Starting at the line that contains "gekishin-ni-chapter-01-page-09.jpg" and stopping at the line that contains "blue and orange", transcribe every line of the material below exactly; pictures stay out.

(EXTRACTED ENTRIES begins)

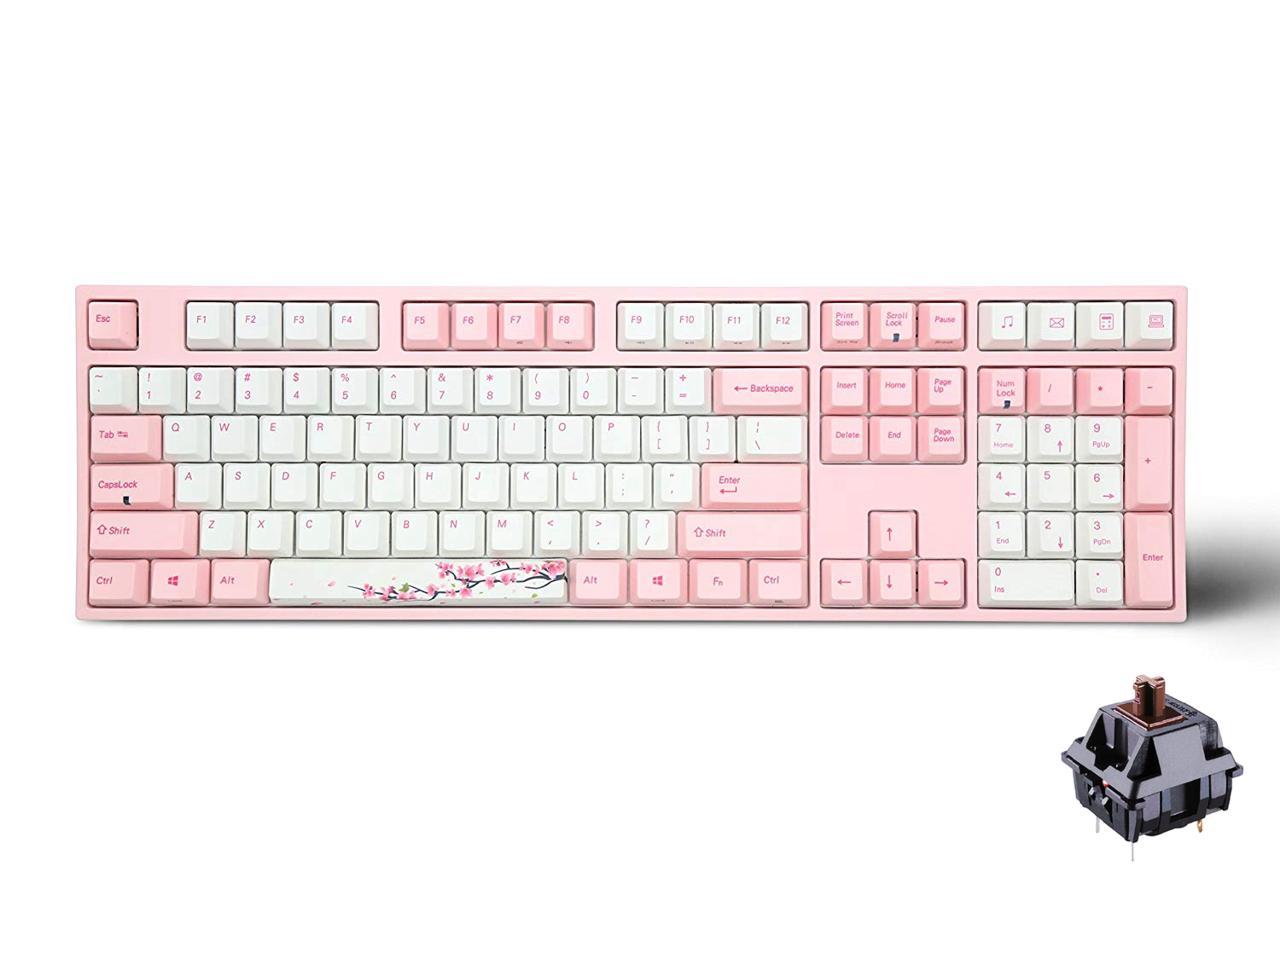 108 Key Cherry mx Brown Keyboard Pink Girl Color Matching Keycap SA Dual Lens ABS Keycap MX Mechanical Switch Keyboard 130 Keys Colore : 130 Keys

(EXTRACTED ENTRIES ends)
(EXTRACTED ENTRIES begins)

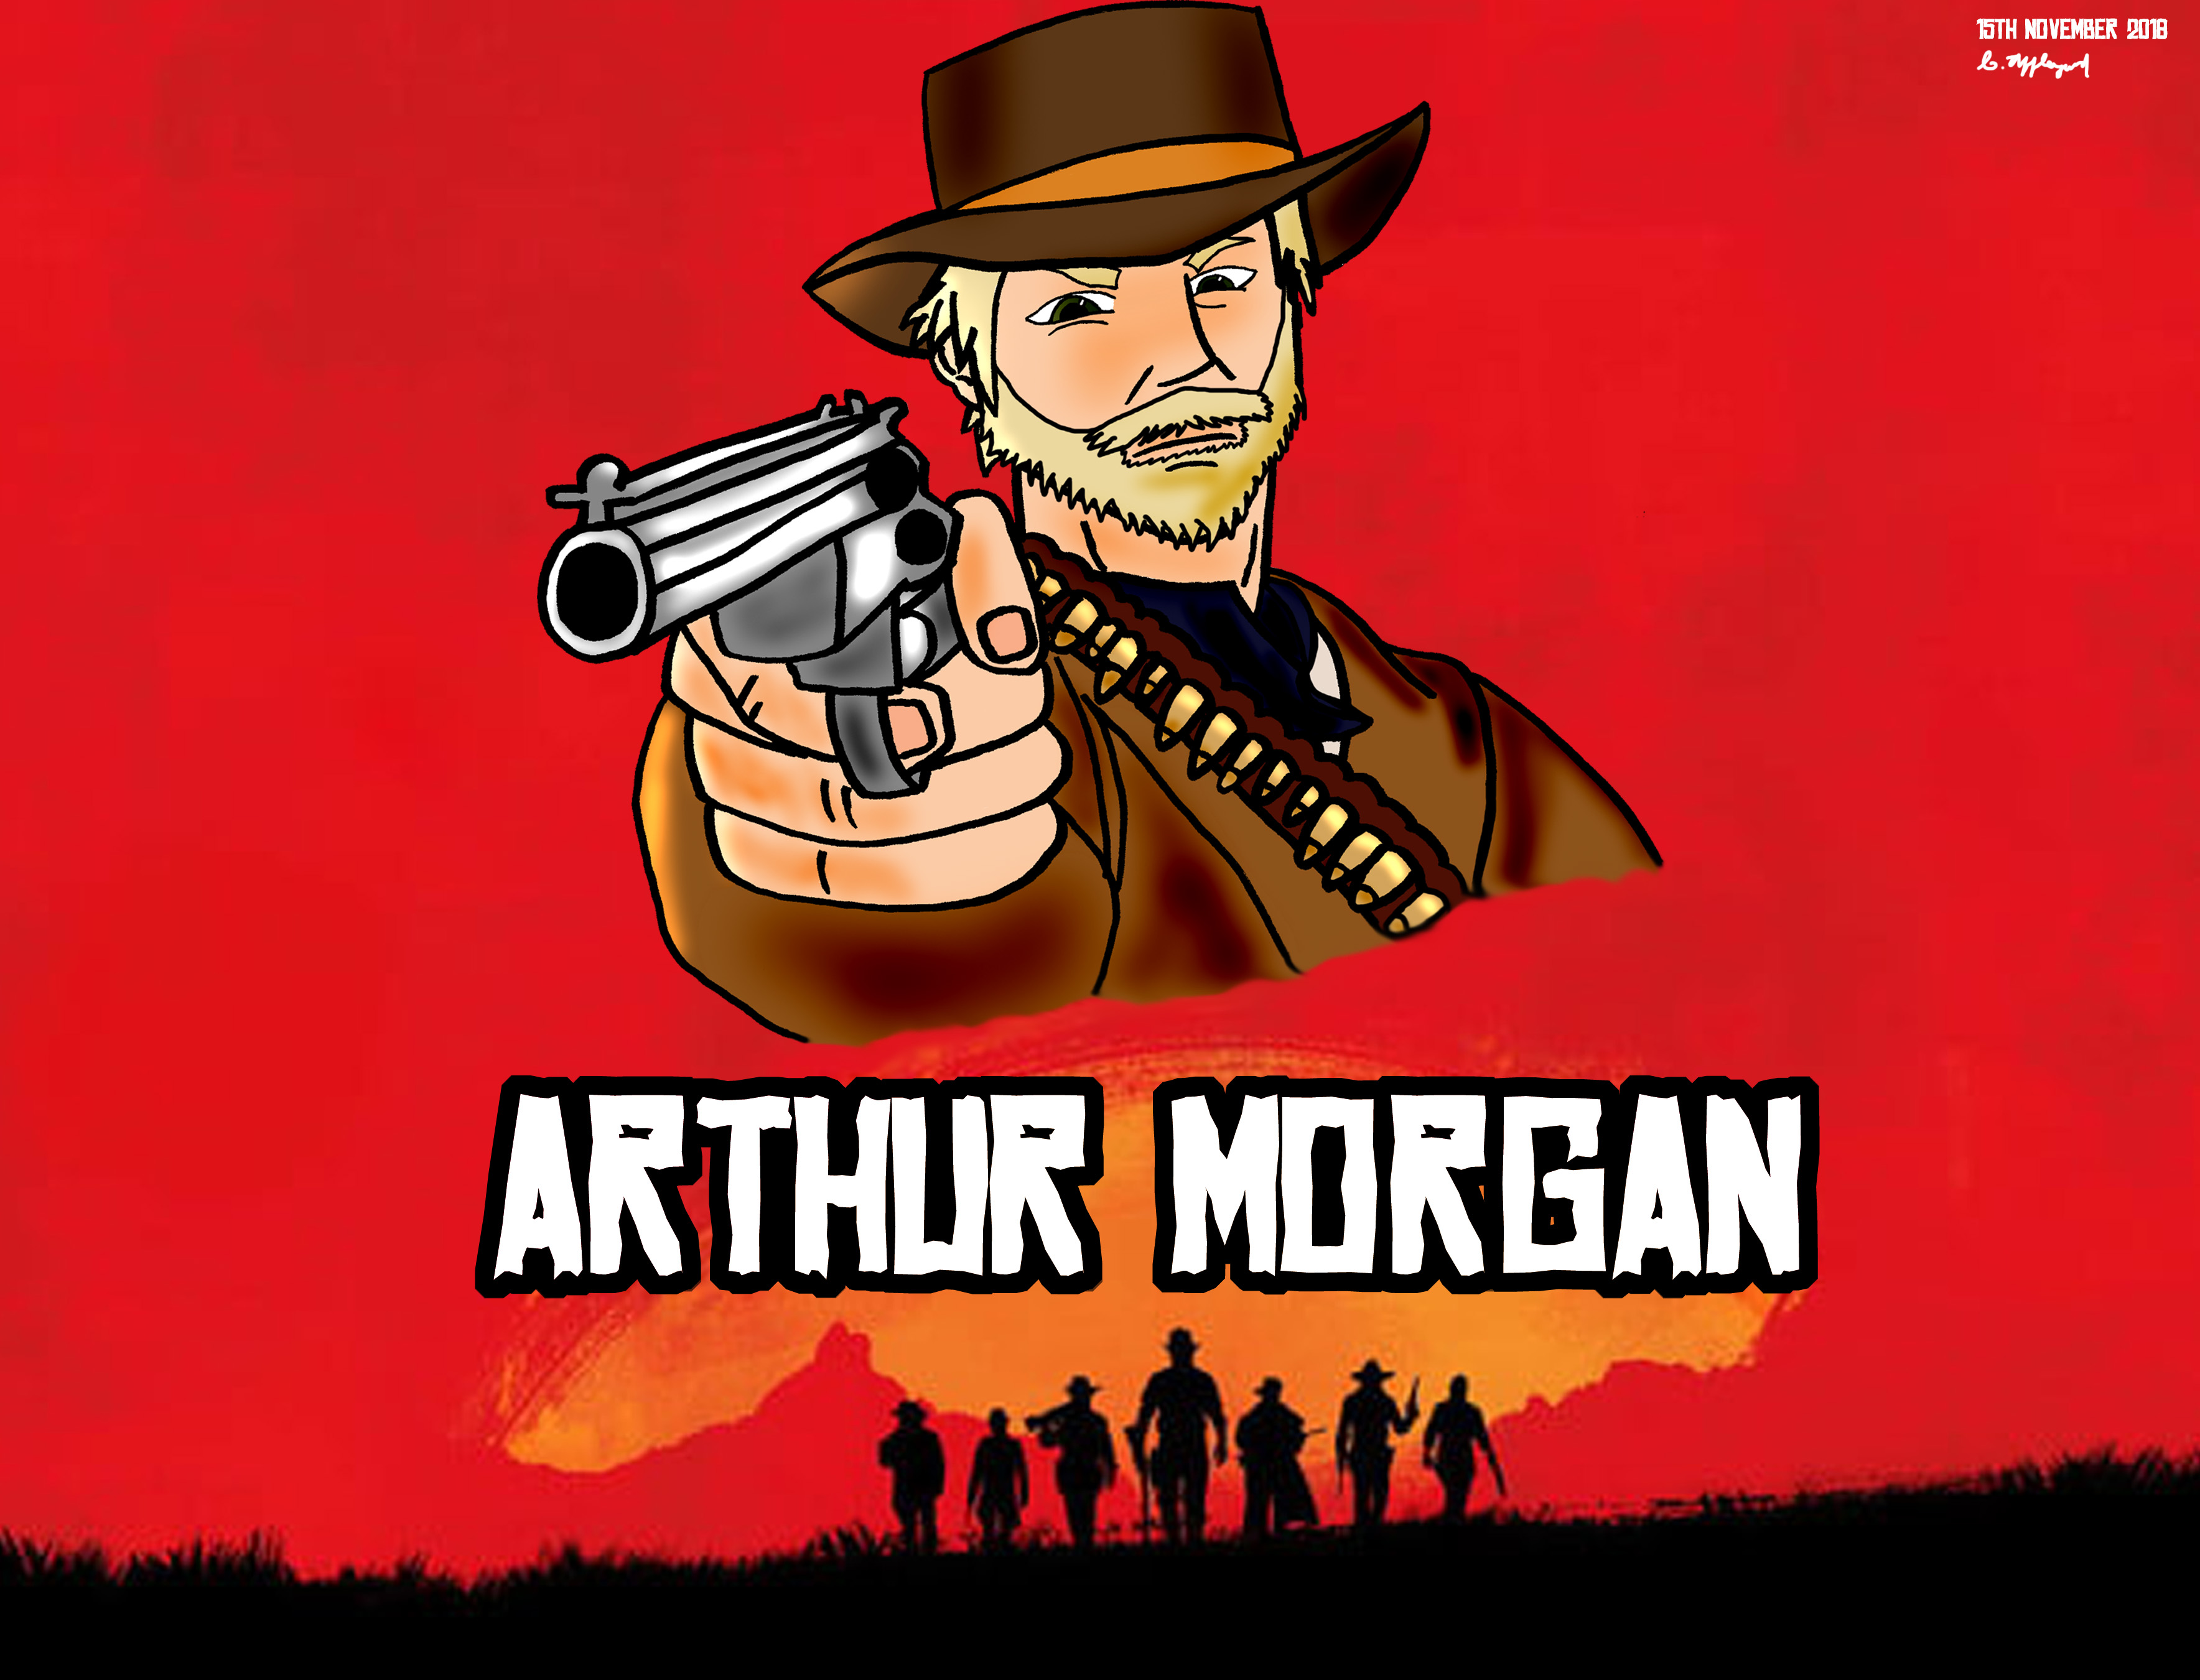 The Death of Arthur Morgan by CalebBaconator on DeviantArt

(EXTRACTED ENTRIES ends)
(EXTRACTED ENTRIES begins)

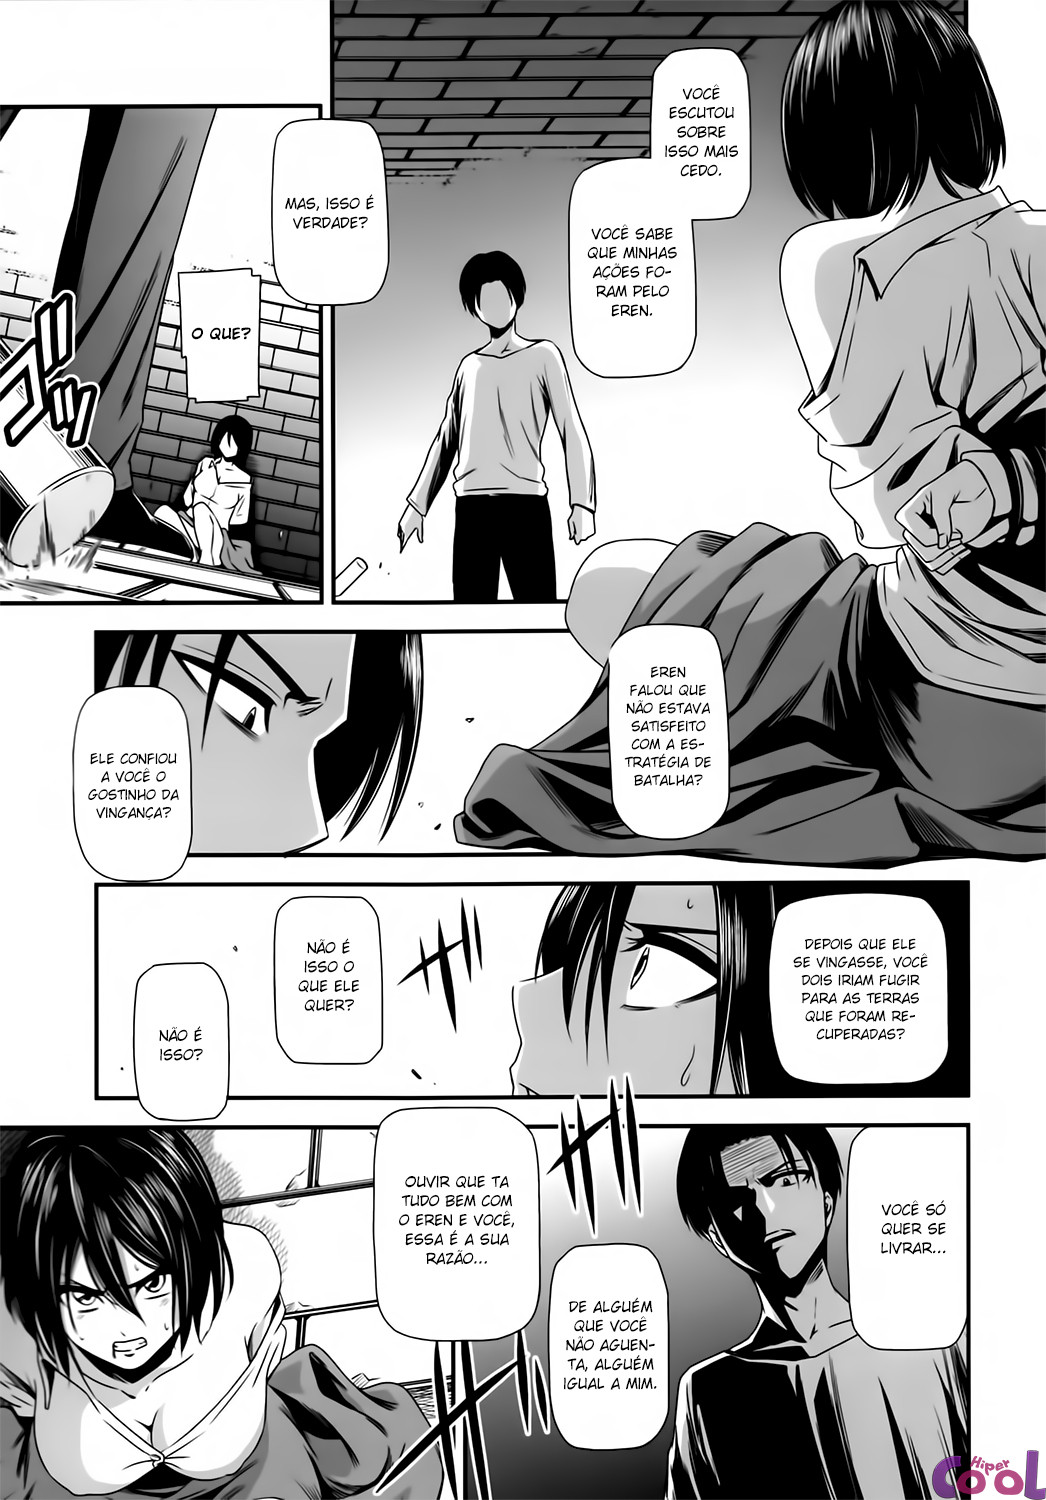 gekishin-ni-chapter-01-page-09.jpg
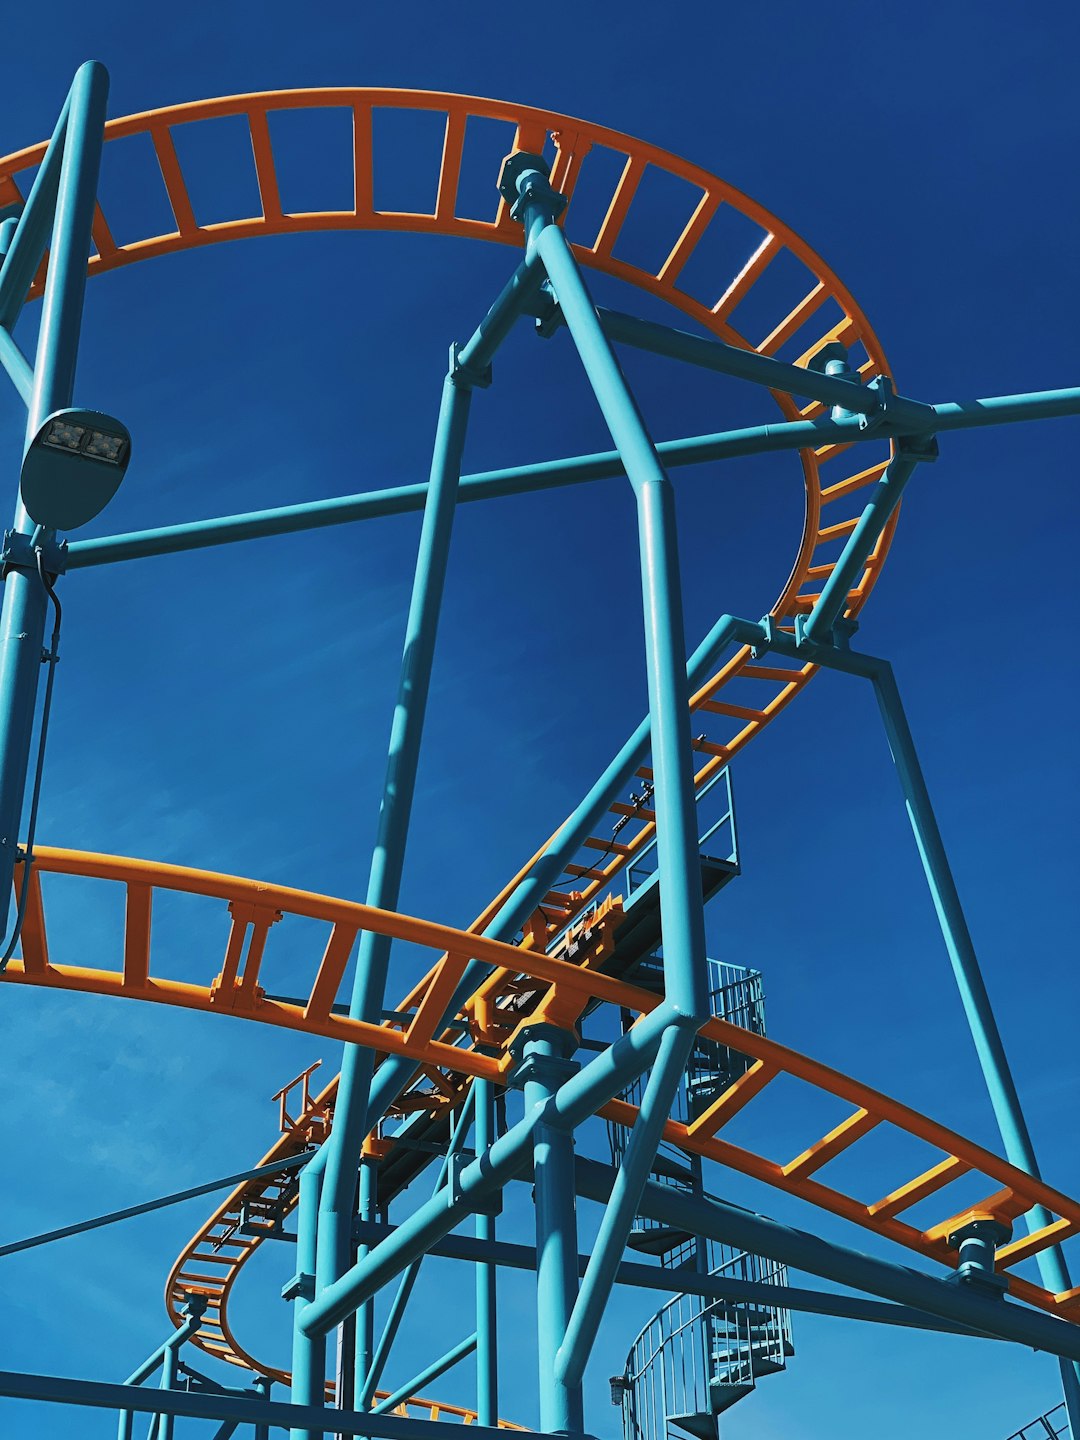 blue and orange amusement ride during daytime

(EXTRACTED ENTRIES ends)

- RESPONSE TO THE EXERCISE
 gekishin-ni-chapter-01-page-09.jpg
 blue and orange amusement ride during daytime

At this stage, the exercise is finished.